And she ran. She ran as fast as she could up to them. Sometimes she would run up to them and then run back to the shed and back up to them. They would tell her “Quedate” again and walk off even farther then their screens would shout “Corre!” And off she’d go at a dead run.

Their running game was only good for about 2 – 3 times then she was free to do whatever she wanted as long as they could still see her. Sometimes she would stop and do sit-ups or push ups and wait for them to catch up. Other times she did a series of lunges while she waited. But when they got close to the dome, she knew she had to fall in behind them.

“Junto!” The screens said. “Junto.” She didn’t know what “Junto!” meant but she thought it was something like, “stick close to us.” She would drop in directly behind them, slow way down and stay close matching their pace.

When out walking with Eduardo and Chuy she instinctively avoided looking up when they encountered other things and was diligent about keeping focused on the ground. Only Eduardo and Chuy wore screens. The unscreened faces of things with all those eyes made her reel with nausea. If Eduardo and Chuy stopped to chitter with them, Claire spent her time studying the ends of their limbs. She liked the colorful patterns of their skins. Eduardo was a yellow green with light blue striping, Chuy was a light green with blue striping. She memorized their stripe pattern. The other things were different, some yellow and orange, green and pink, or red and purple. If Claire liked the vibe she got from the other things they encountered, she touched their limbs. Frequently she was rewarded for this touch by the thing responding and rubbing a limb over her back and head. When this happened Eduardo and Chuy would exchange purring chitters with the owner of the limb while Claire got to touch their soft skin. Inevitably she would hear “Bien, muy bien,” from a screen. But there was one thing, a yellow and brown striped thing, she didn’t like. That thing was always standing too close to Chuy and accidentally on purpose touching Chuy when they walked. Yellow and brown thing would flick his limbs over Chuy’s limbs making Chuy pull his limbs in closer. It made him unsteady. Claire didn’t like yellow and brown. Her nickname for him was Tonto del culo. She may not speak Spanish, but after all, she did live on the border with Mexico. There wasn’t a vulgarity she didn’t know.

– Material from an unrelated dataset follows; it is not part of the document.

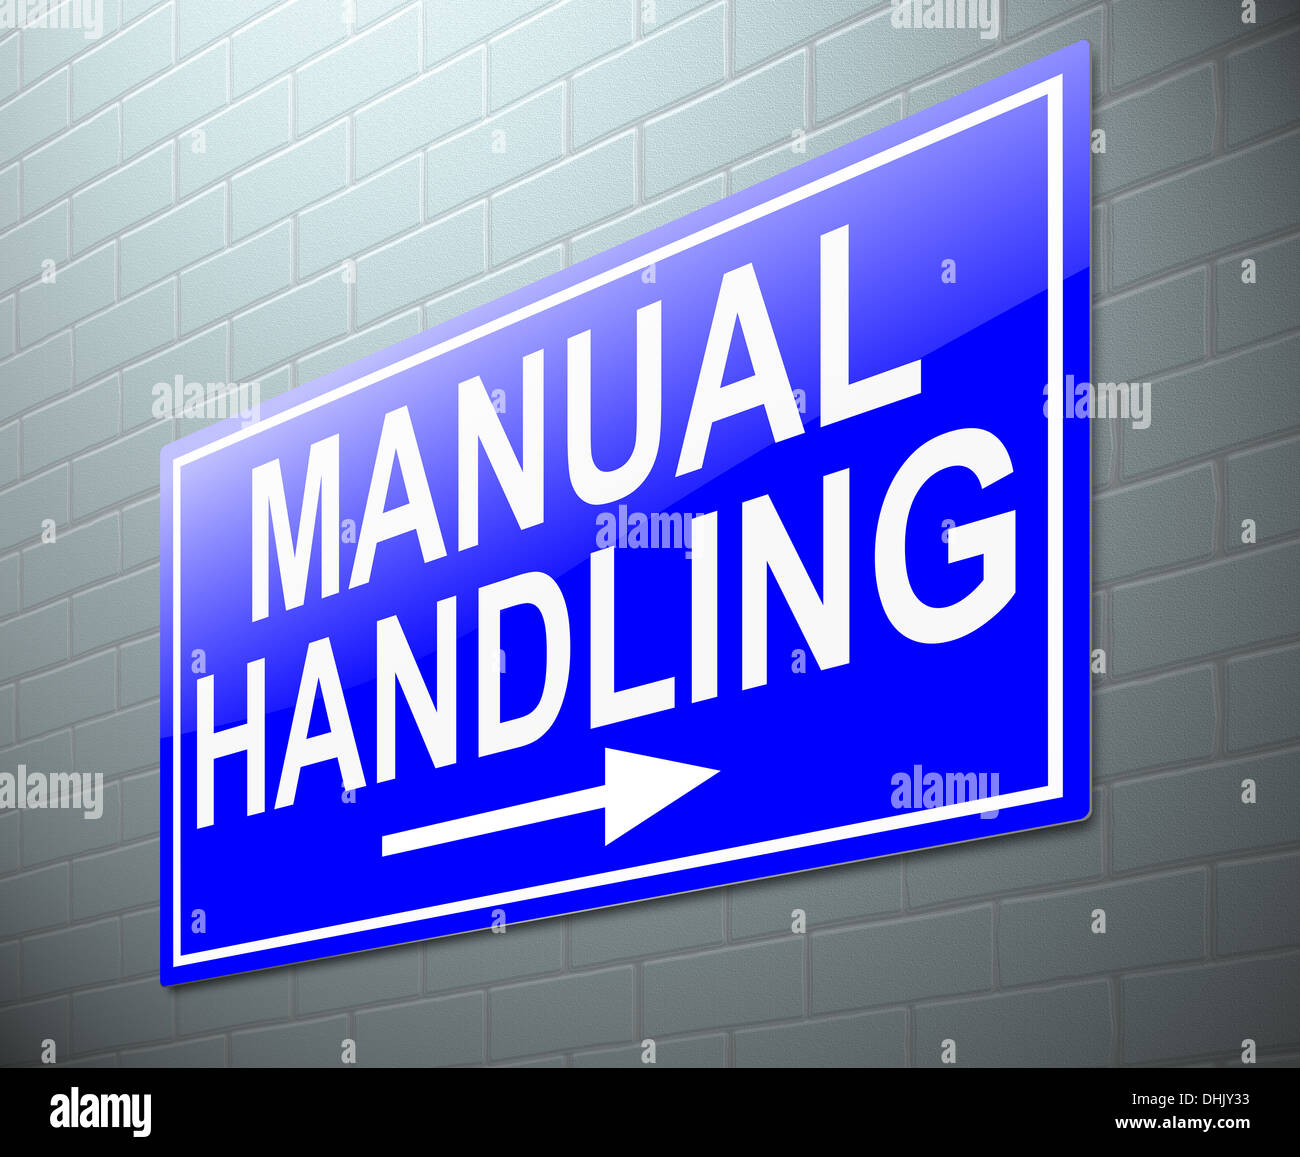 Manual handling concept. Stock Photo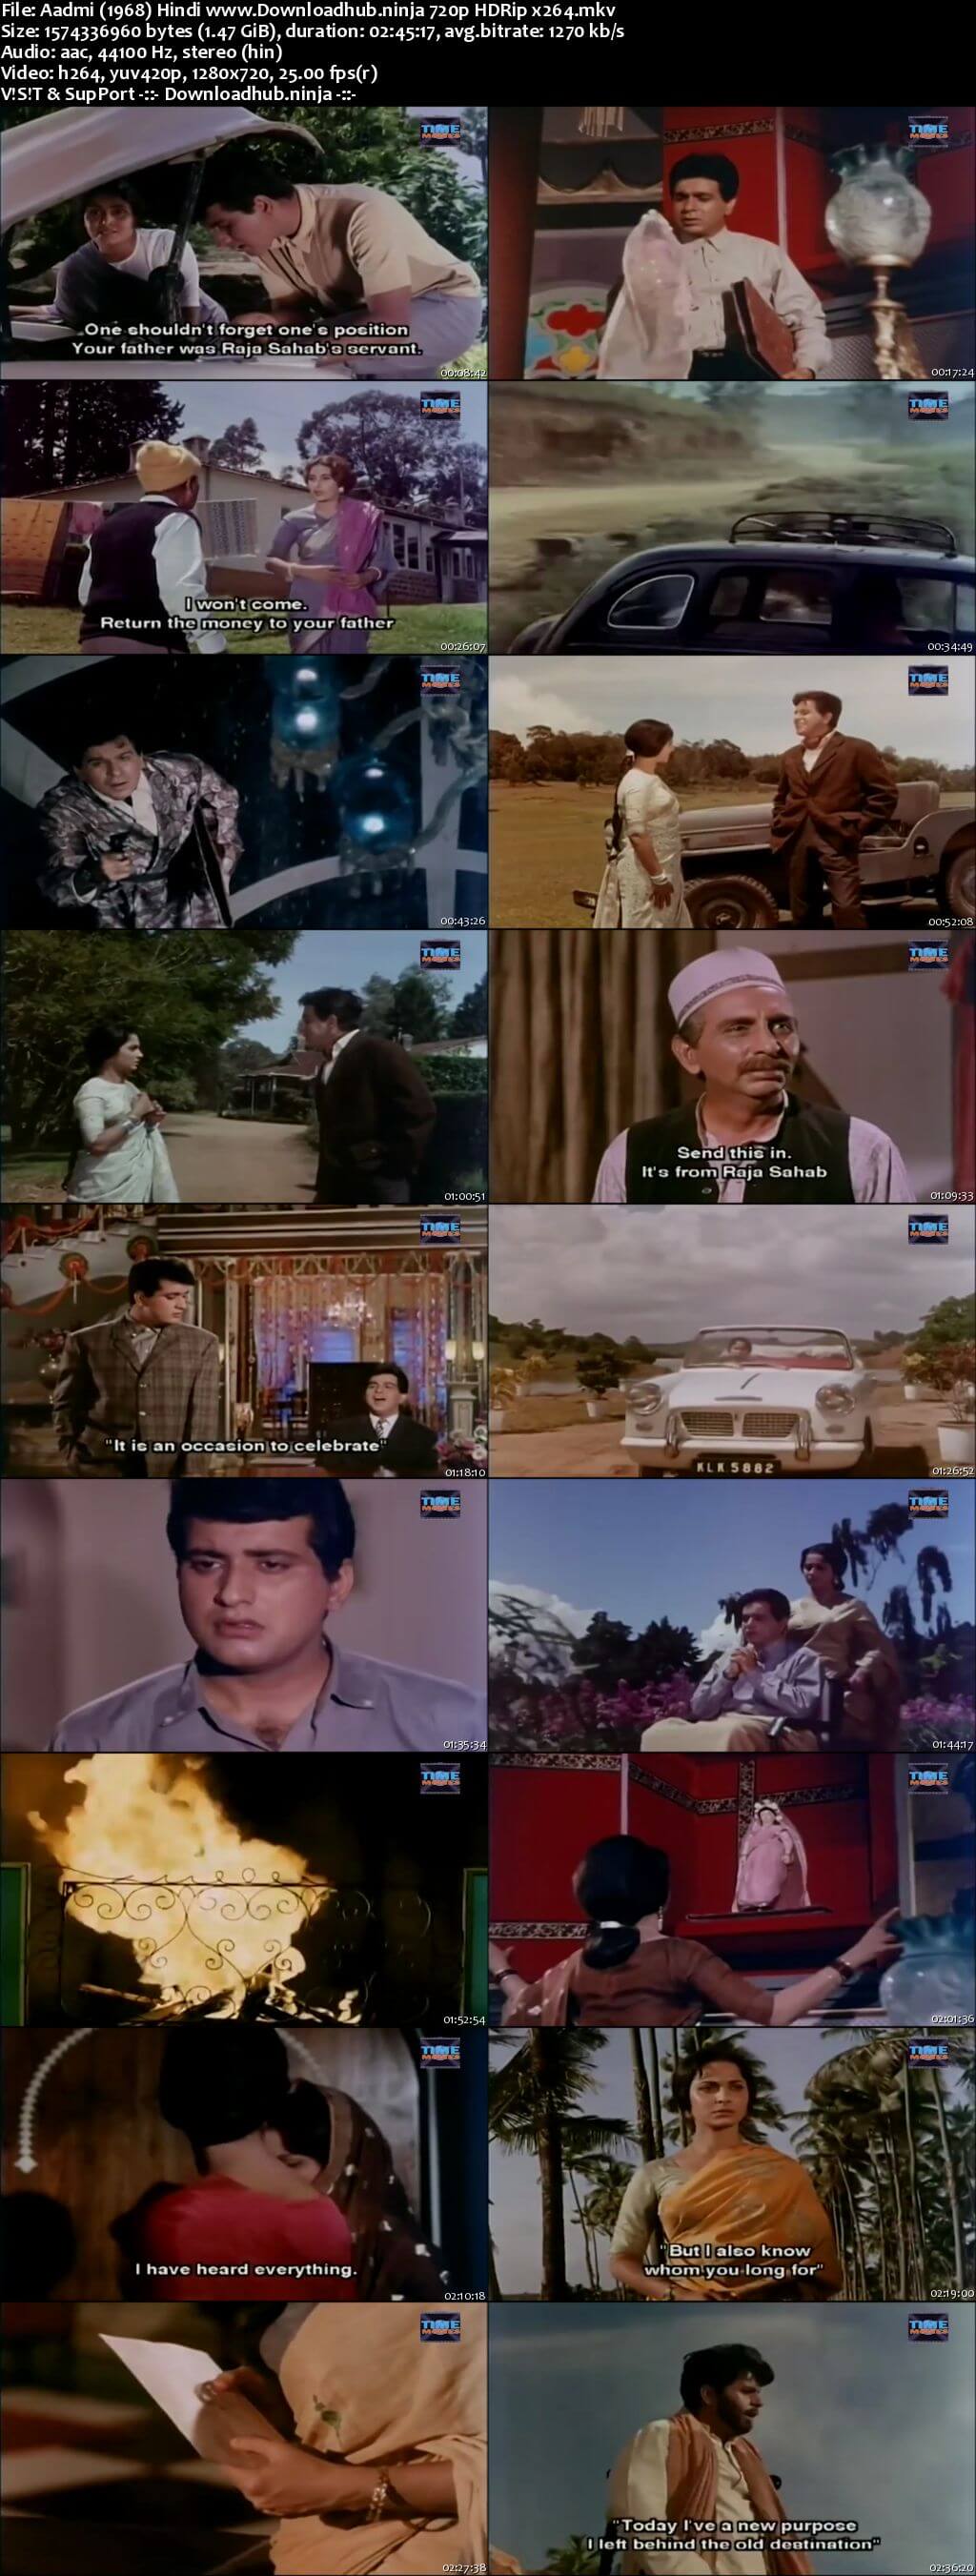 Aadmi 1968 Hindi 720p HDRip x264

The big delapidated one story house at the top of the hill always drew her to it. She was kept in a shed, probably the gardner’s tool shed, about halfway down the slope. Sometimes when Eduardo and Chuy were being particularly slow, she amused herself by pulling weeds. Recently, she had taken to clearing weeds that crept into the paths where Eduardo and Chuy had the easiest time walking.

Claire knew she could run away at any time. There were no fences, there was nothing but trees but where would she go? After all, she was in a coma. Claire thought she remembered hearing somewhere that walking into the woods while in a coma was a symbol for becoming more and more unconscious. Claire was not going to be a vegetable so she avoided the woods and stayed to the premises. She was going to wake-up. She just hoped the Center for All Things Beautiful knew she was going to wake-up and hadn’t shipped her body somewhere else. And she really hoped they hadn’t moved her car because she didn’t have that much gas.

Once they got to the closer to the house Claire always stopped to investigate it as much as possible before one of them made the screens yell at her in Spanish again. They never let her go inside. The house was truly a pile of rotting wood, various debris and the immortal puff of pink insulation. Occasionally she got a glimpse of some items through the gaps. It puzzled her that most of the items she could see in the house weren’t hers. Some of the items she didn’t even recognize. Everyday she looked in the house to see if the house had a secret, an item that belonged to her, that was from her life. After all, it was her coma, her dream. She didn’t understand why her coma dream didn’t have more things in it from her life. But today, the coma god answered her question, through the gap in what might have been the garage, a ray of light winked off a metal shaft. She blinked. She stared. Was that really? It was! A Lady Liberty Fiber-X with Kelmac grip. She burst into tears. She grabbed anything in her way and flung it behind her. She yanked wood slats, and electrical wiring, and drywall. Her hands got splinters and fiber burns and a deep metal gash as she tried to dig her way to the golf club.

Behind her at a distance, Eduardo and Chuy’s screens were blaring Spanish. “Dejale! Non, Dejale! Mal! Muy mal!” She ignored them, her single focus on reaching her driver.

“Ven! Ven Aqui! Alto! Dejale!” Their masks sounded tinny.

She was well into the house by the time they got to her, the golf club almost in her grasp when soft jello covered ropes wrapped themselves around her arms and legs and she was airborne.

“No!” she screamed, twisting and turning as much as she could, yanking her body violently. Slowly and with careful deliberation for each step now that two of their limbs were no longer available because they were holding her, Eduardo and Chuy extracted her from the detritus of the house. With exacting care they removed her without her incurring another injury. Then equally as fastidious, they took her back to her shed, swinging her between them, face down, nose nearly touching the ground.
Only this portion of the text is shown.